During stratified-charge operation S, marked local and/or temporal
lambda fluctuations may be present at the location of the ignition
spark, when the average energy density in the mixture cloud is
high. In order to achieve reliable ignition in this case, the spark
should burn for a long time (such as, for example, approximately
5-10.degree. KW (KW=crank angle)), so that within this time, the
formation of the flame core may be started when a flammable mixture
region is seized by the spark plasma.
In this context, depending on the flow of the mixture at the spark
plug, only a continuously decreasing portion of the electrical
energy introduced from the ignition coil may be available for
forming the flame core as the spark duration increases. Thus, the
conventional proposal may generate a pulse train, i.e. to
repeatedly charge and discharge the ignition coil, within the
above-mentioned KW interval.
Therefore, an individual ignition spark that burns as along as
possible with an initial current of, for example, approximately
50-80 mA and a secondary energy of, for example, approximately
80-100 mJ, or an adjustable-length pulse train with an initial
current of, for example, approximately 100 mA from a coil having,
for example, approximately 30 mJ of secondary energy, may be
suitable for this stratified operating mode.

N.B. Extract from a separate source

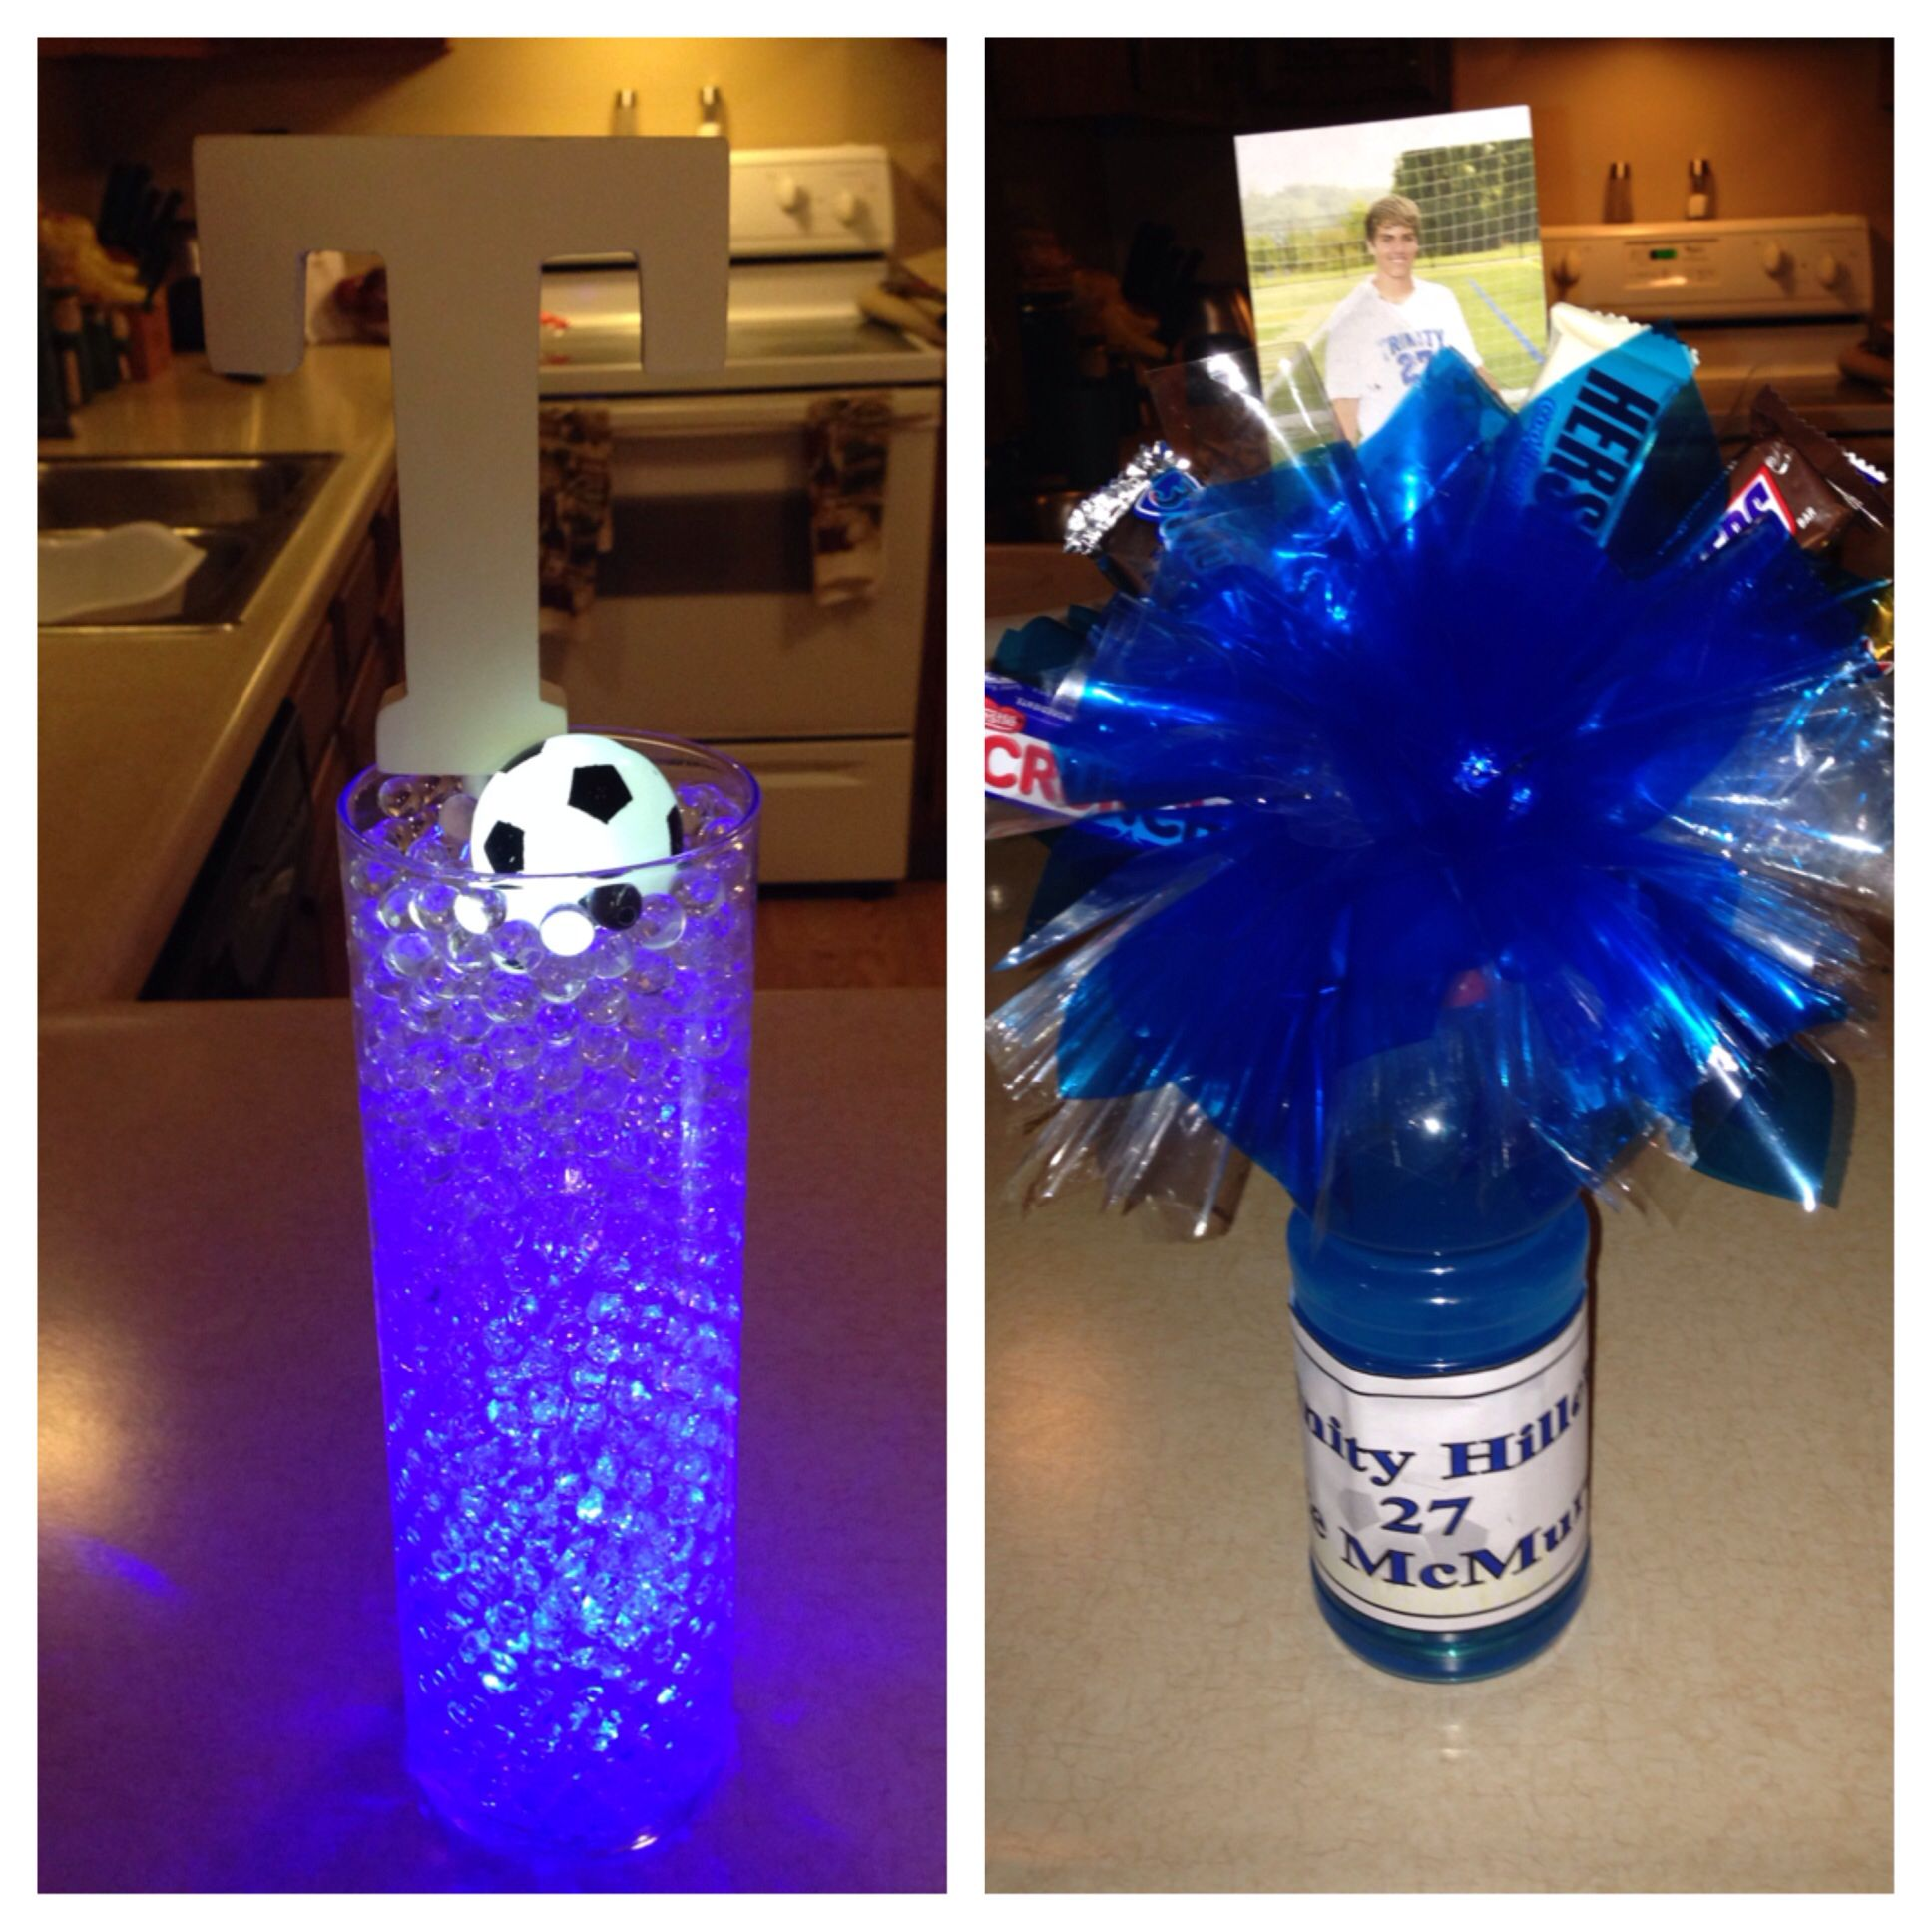 Soccer Banquet Centerpieces I Made
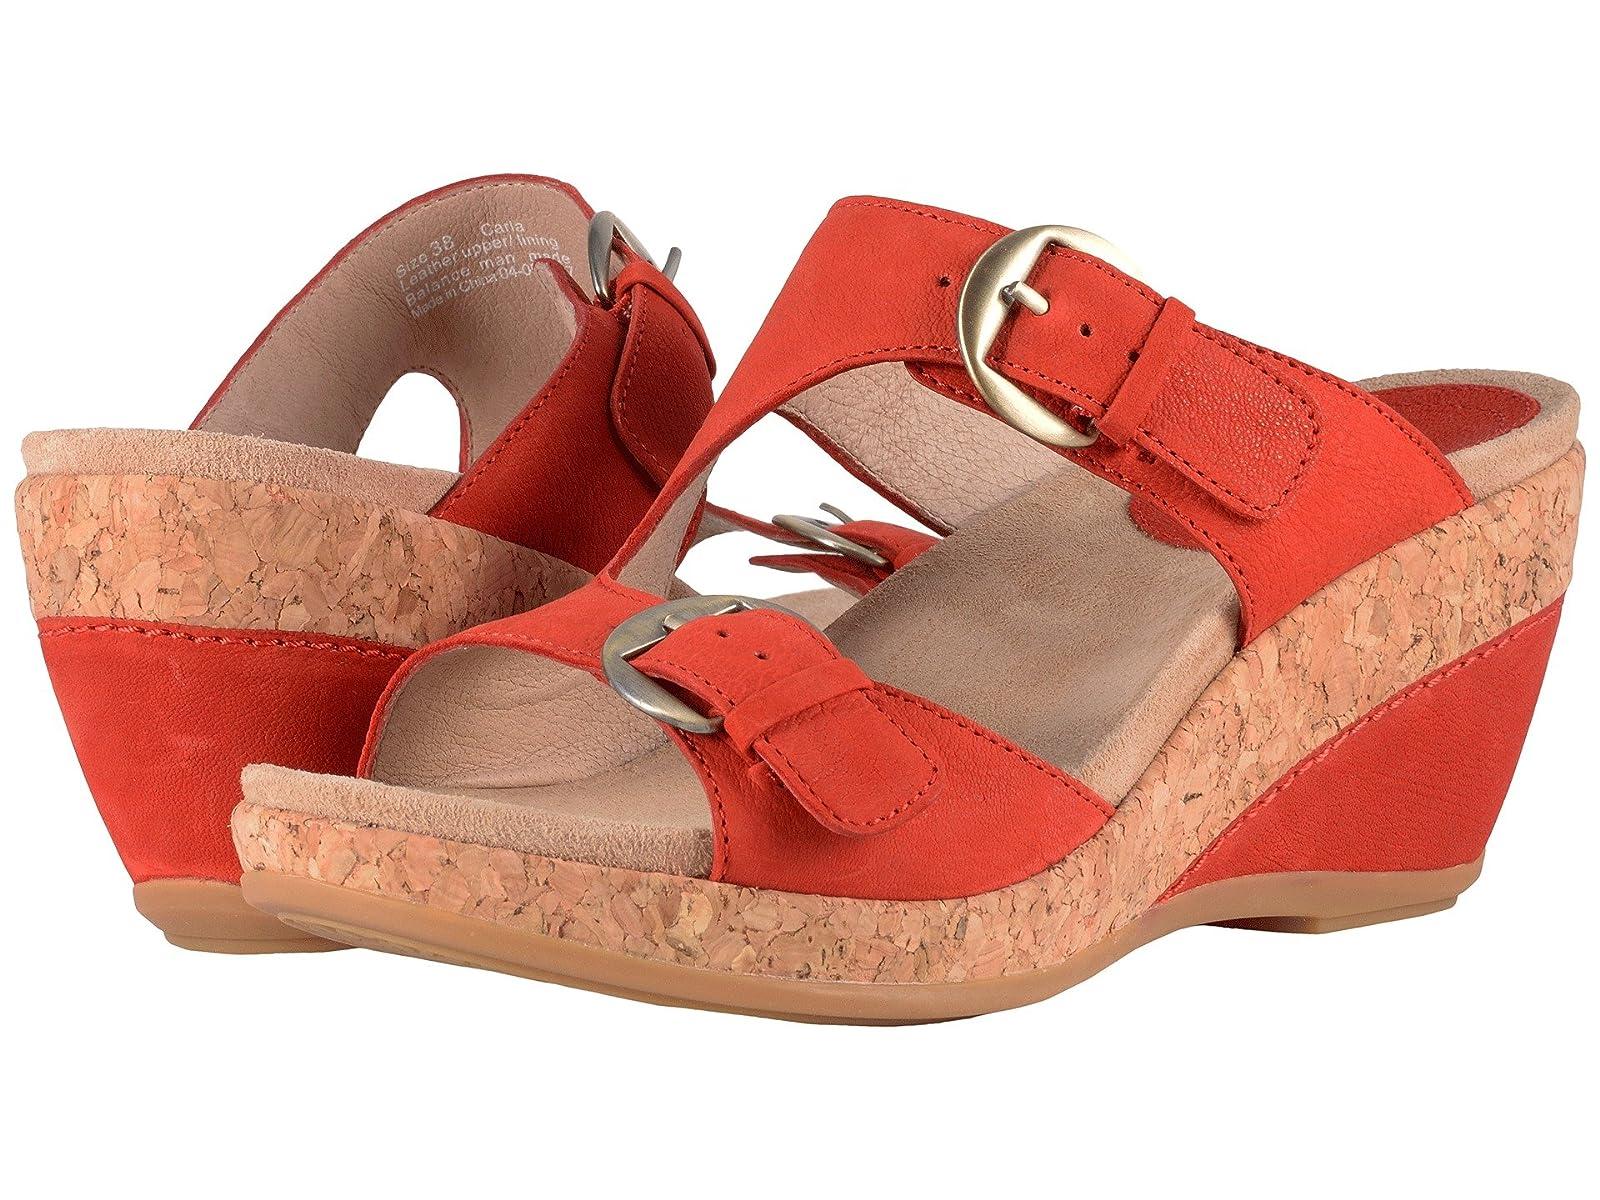 Dansko CarlaCheap and distinctive eye-catching shoes

Since the demands for stratified S and homogeneous H1 and H2
operating ranges may therefore be markedly different, a
conventional system configuration having individual sparks may
create a conflict of aims, which may have previously only been
approached as a compromise. An ignition coil may either be
configured for a long spark duration (high secondary inductance,
i.e. high number of secondary windings per unit length) with a
moderate initial current, or for a short spark duration (low
secondary inductance, i.e. low number of secondary windings per
unit length). Therefore, a decision for a discrete configuration as
a compromise may be essential.
SUMMARY OF THE INVENTION
In contrast to the conventional configuration approaches, an
exemplary ignition method and/or exemplary ignition device of the
present invention may provide that a functionality adapted to the
problem of direct gasoline-injection engines may allow optimum
ignition in stratified operation, as well as in homogeneous
lean-combustion operation and/or with EGR, and in cold starting or
other critical engine conditions.
The operating mode may be controlled as required. Only the amount
of energy required for ignition may be introduced. This may prevent
spark-plug wear.
A smaller space for the coil due to a smaller number of turns per
unit length on the secondary side, or a larger iron cross section,
may be provided in the same space. Therefore, a cost advantage may
be attained by dispensing with the magnets for pre-magnetizing the
iron circuit.
The type of ignition suitable for the specific operating mode may
be provided by control-pulse coding. For example, a pulse-train
ignition suitable for stratified operation may be combined with the
option of loading the ignition coil with a markedly higher amount
of energy during homogeneous operation by increasing the primary
current, so that it still discharges as a single spark within the
desired spark duration of approximately 0.3-0.6 ms.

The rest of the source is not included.